Regardless of how overwhelming everything seems right now, I am beyond ecstatic to work with this group of amazing people.
If you are or about to become a foster parent in Los Angeles County, please join this group and you will see what I am raving about!
Three months ago today foster daughter came into our life and opened our eyes to so many different things. Kiddo definitely taught me patience is more than a virtue, its a skill that is a must have. Communication is absolutely necessary. Last but not least, love and positive modeling is a great way to teach them without them knowing it.
We known for over a week that she is leaving us and we couldn’t say anything. We have to hide our sadness and dismay. Now she’s been notified, we can hug it out whenever we feel down because of it.
Now not only trying to stay positive for myself, have to be positive for all of us. Trying to reassure her how great everything will be when in truth… we do not know what it will be like.

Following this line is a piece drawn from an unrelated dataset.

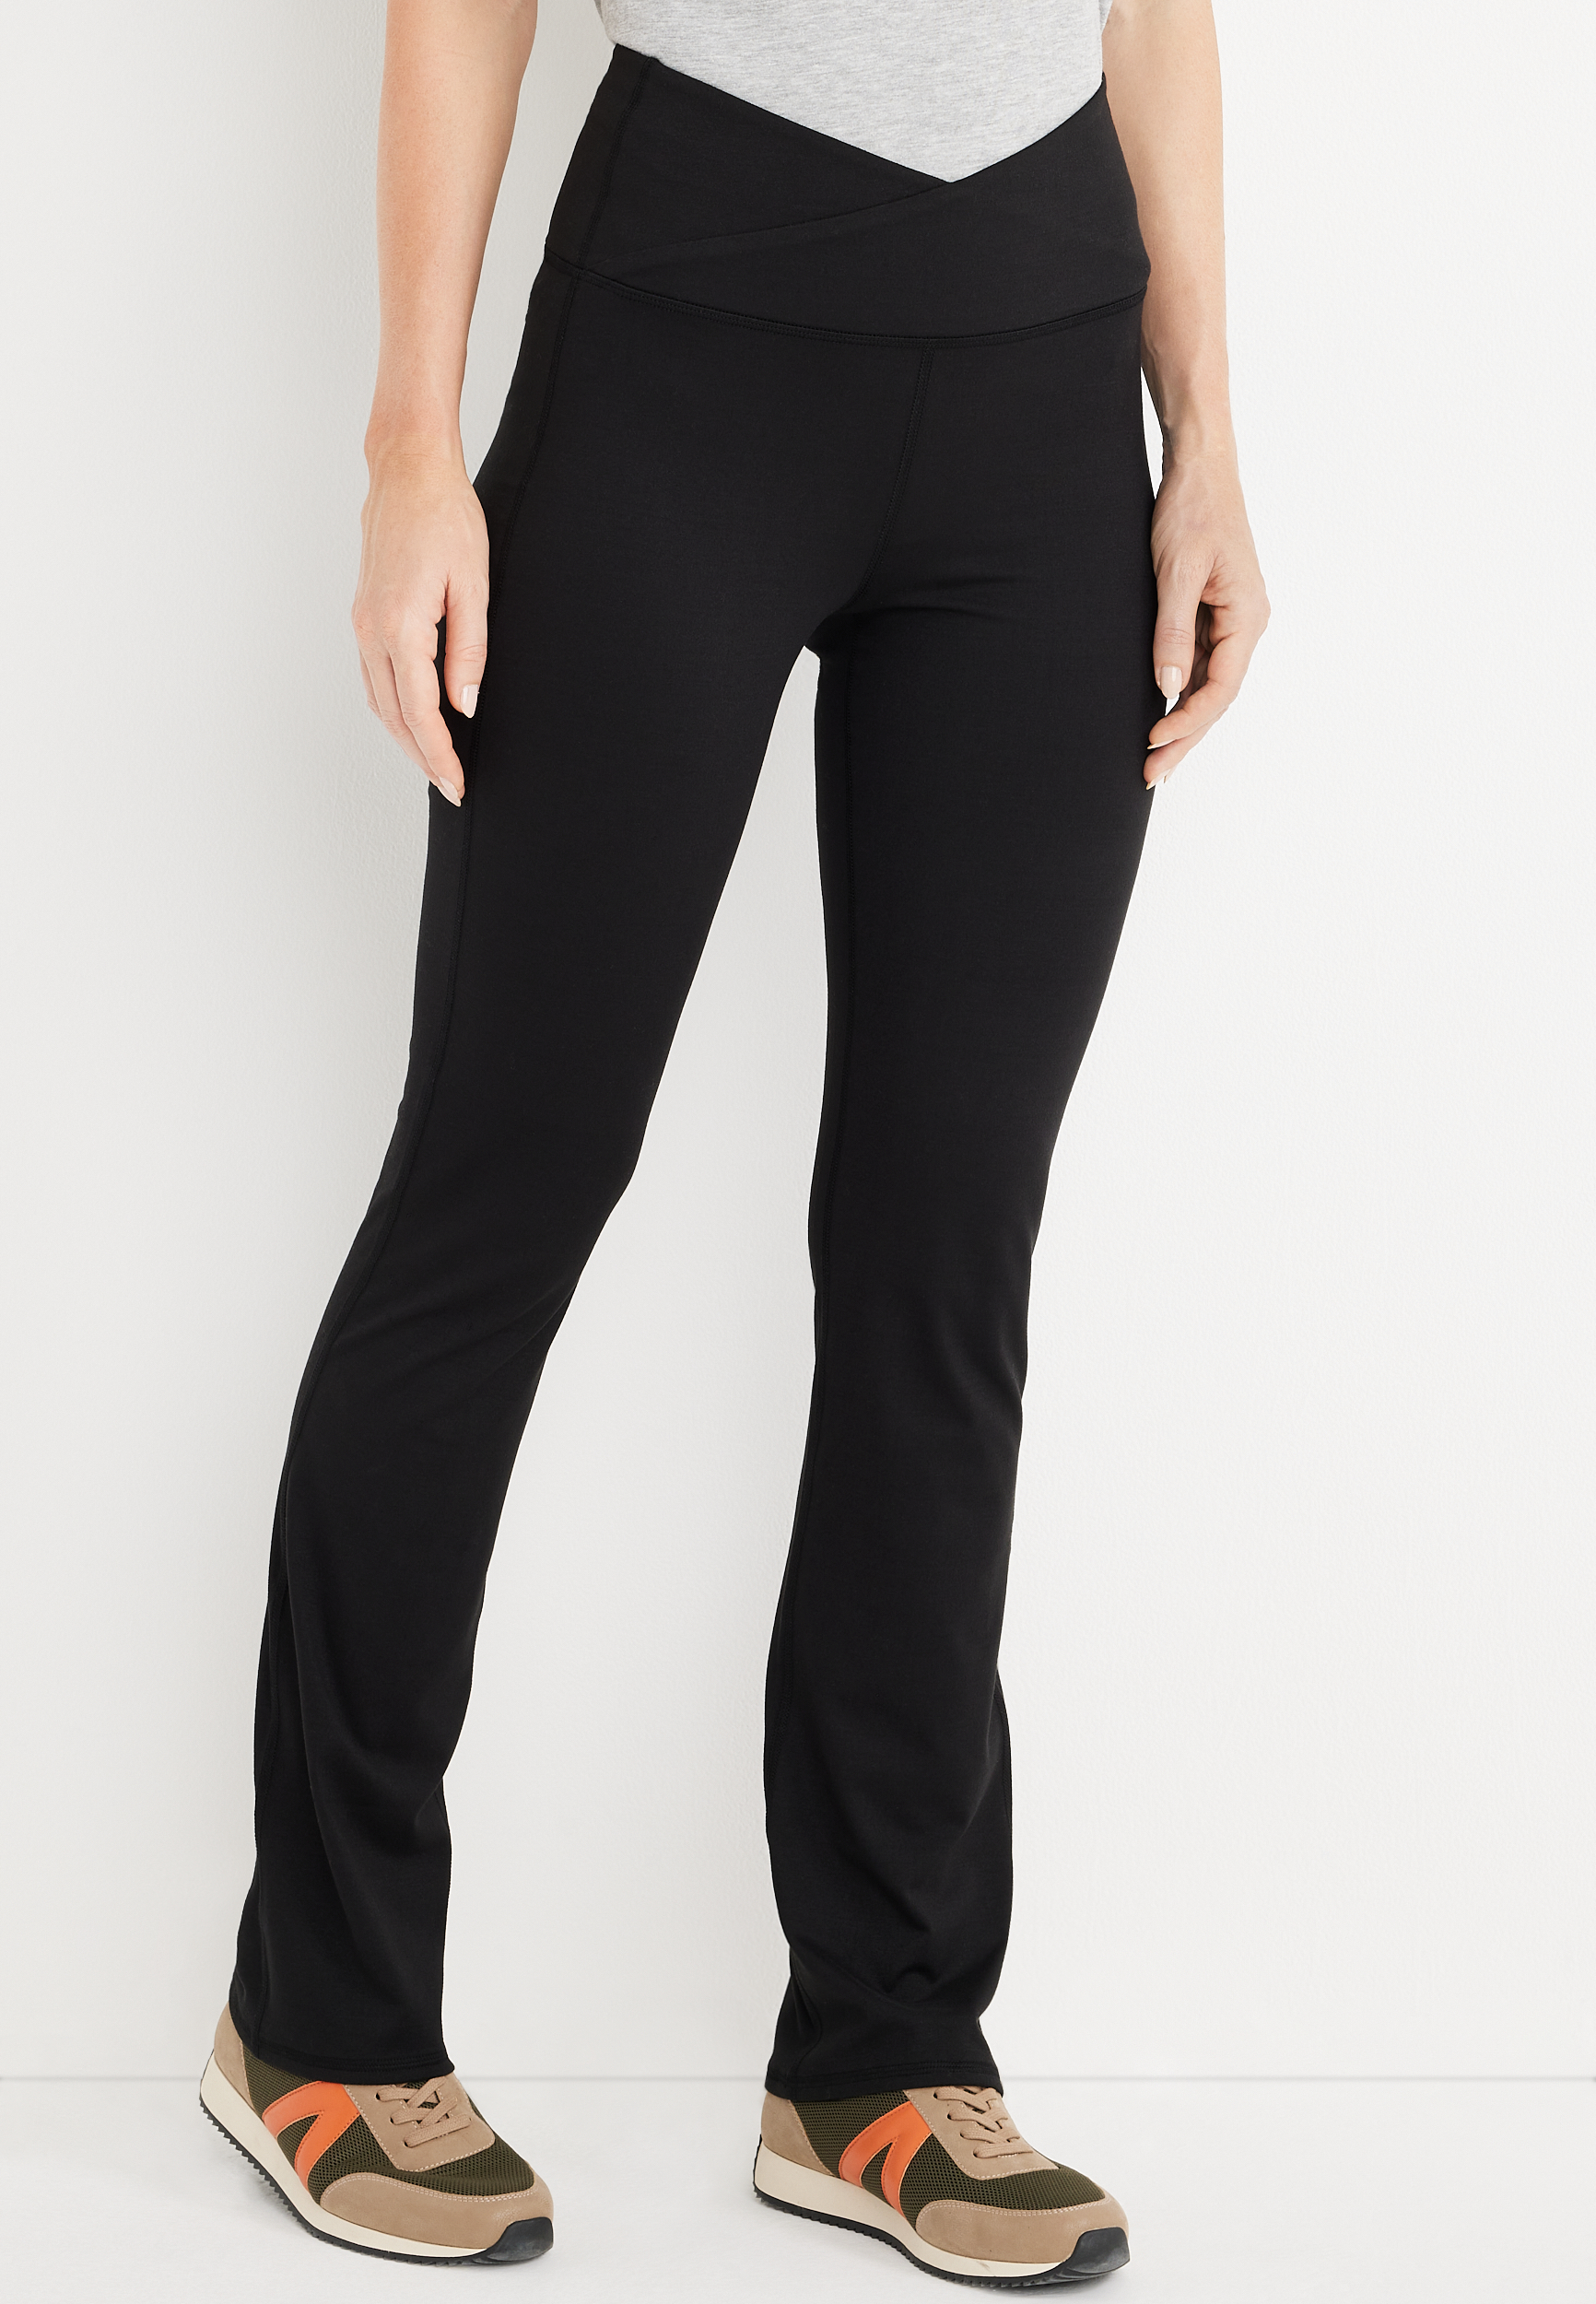 C99-11-1058-00XR MAURICES ULTRA HIGH RISE BLACK SIDE POCKET LUXE

There’s always so many different types of awareness going on each month. I think it is a good idea, because it is suppose to help raise awareness of whatever topic that is important. I never knew about Foster Care month prior to being a foster parent. There’s really not much to be taught. Just be aware that there are many children out there that may need help. I also feel it is important for people to know that it really takes a village to raise children, especially not your own. Now I had a “taste” of being a foster parent, I am really in awe of those foster families that only wants to foster to takes in five or eight kids. I have a hard time keeping up with just one, how do they take multiple children year after year and still have a smile on their face? To me, that’ is the pure definitely of altruism. We started all this with a slight (okay maybe not so small) selfish intention of adopting in the future. However with fostering, you never know what the end result is, until….it happens. The true practice of taking it one day at a time with no expectations.
I made a google group for families in the greater Los Angeles area to come together. I am in many other resource groups already, however I wanted to connect with those closer geographically as well to make a deeper connection.